Single-cell and spatially resolved transcriptomics elucidate the therapeutic mechanism of Tripterygium wilfordii Polyglycosidium in ulcerative colitis.

Abstract

BACKGROUND: Tripterygium wilfordii polyglycosidium (TWP) can alleviate inflammation in ulcerative colitis (UC). However, the core disease-specific biomarkers and targets of UC and the therapeutic mechanism of action of TWP have not been fully elucidated. PURPOSE: A comprehensive strategy involving single-cell sequencing, spatial transcriptomics, and experimental validation was employed to investigate the potential targets of TWP in the treating UC. METHODS: The molecular mechanisms of action and therapeutic targets of TWP in the treating UC were investigated by integrating single-cell RNA sequencing with spatial transcriptomics. A CRISPR-Cas9 gene-edited animal model was established. Intestinal inflammation and mucosal damage were evaluated using Western blot analysis, hematoxylin‒eosin staining, and immunofluorescence to validate the target genes. The chemical constituents of TWP were characterized by UPLC-Q-TOF-MS, and interactions with the identified targets were assessed through molecular docking and surface plasmon resonance analyses. RESULTS: TWP significantly alleviated intestinal inflammation and mucosal damage in DSS-treated mice. Single-cell sequencing and spatial transcriptomic analyses identified S100A8, which facilitates signal transduction between neutrophils and their effector cells (macrophages), as a potential core target of TWP in treating UC. Multimodal validation revealed that S100A8 overexpression exacerbated colitis severity and intestinal mucosal disruption, whereas S100A8 knockout markedly attenuated intestinal inflammation and mucosal injury.
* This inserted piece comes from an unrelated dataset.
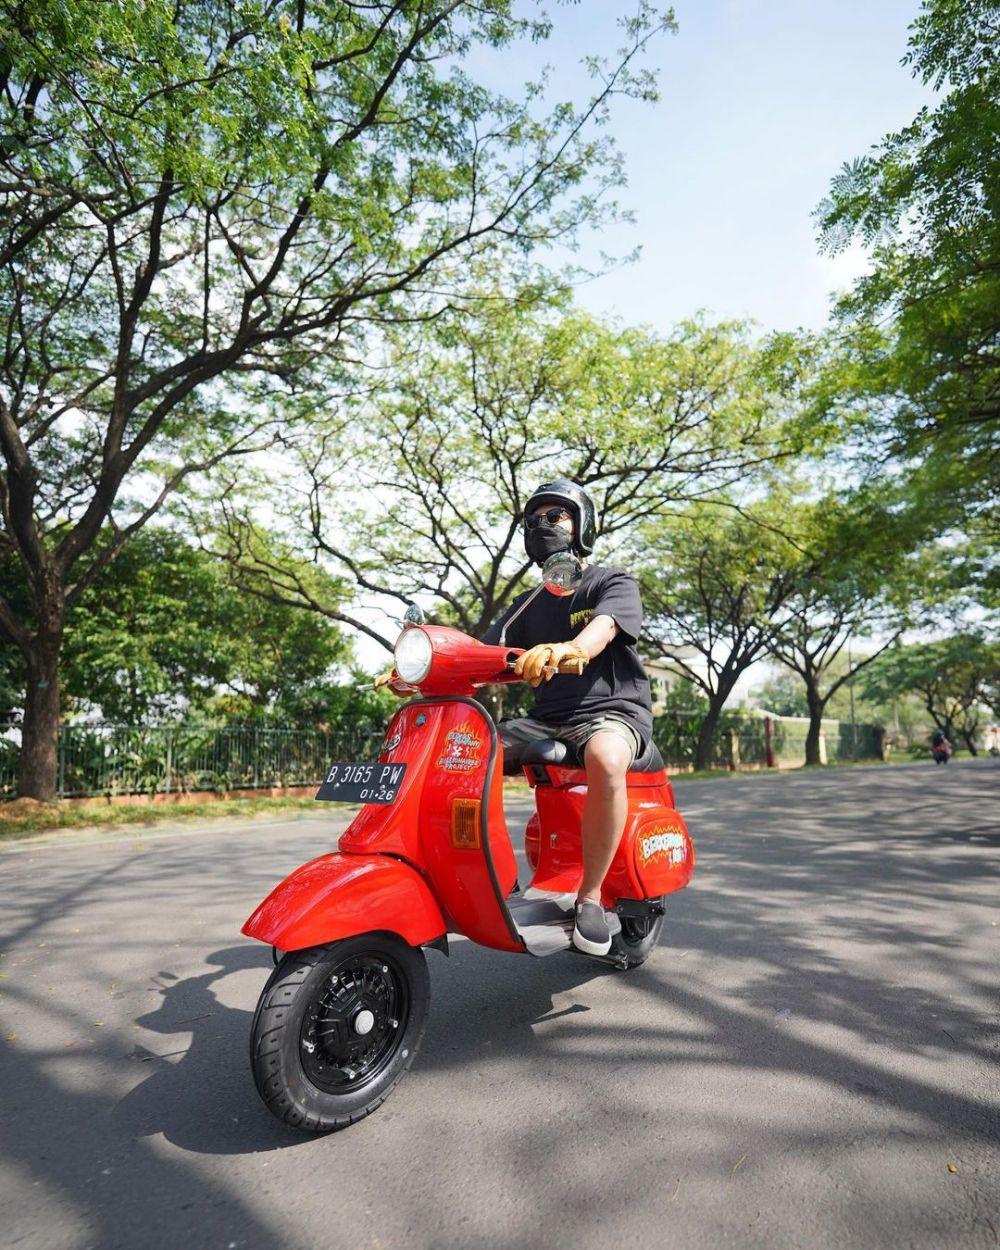 9 Potret Arief Muhammad ketika Menunggangi Motor, Gagah Abis!

We identified a total of 52 chemical components in TWP. Molecular docking indicated that 6 components could bind to S100A8. SPR analysis further confirmed that triptolide and demethylzeylasteral strongly bound S100A8. CONCLUSION: TWP may primarily alleviate inflammatory symptoms in UC by suppressing S100A8 expression, thereby protecting intestinal mucosal barrier function.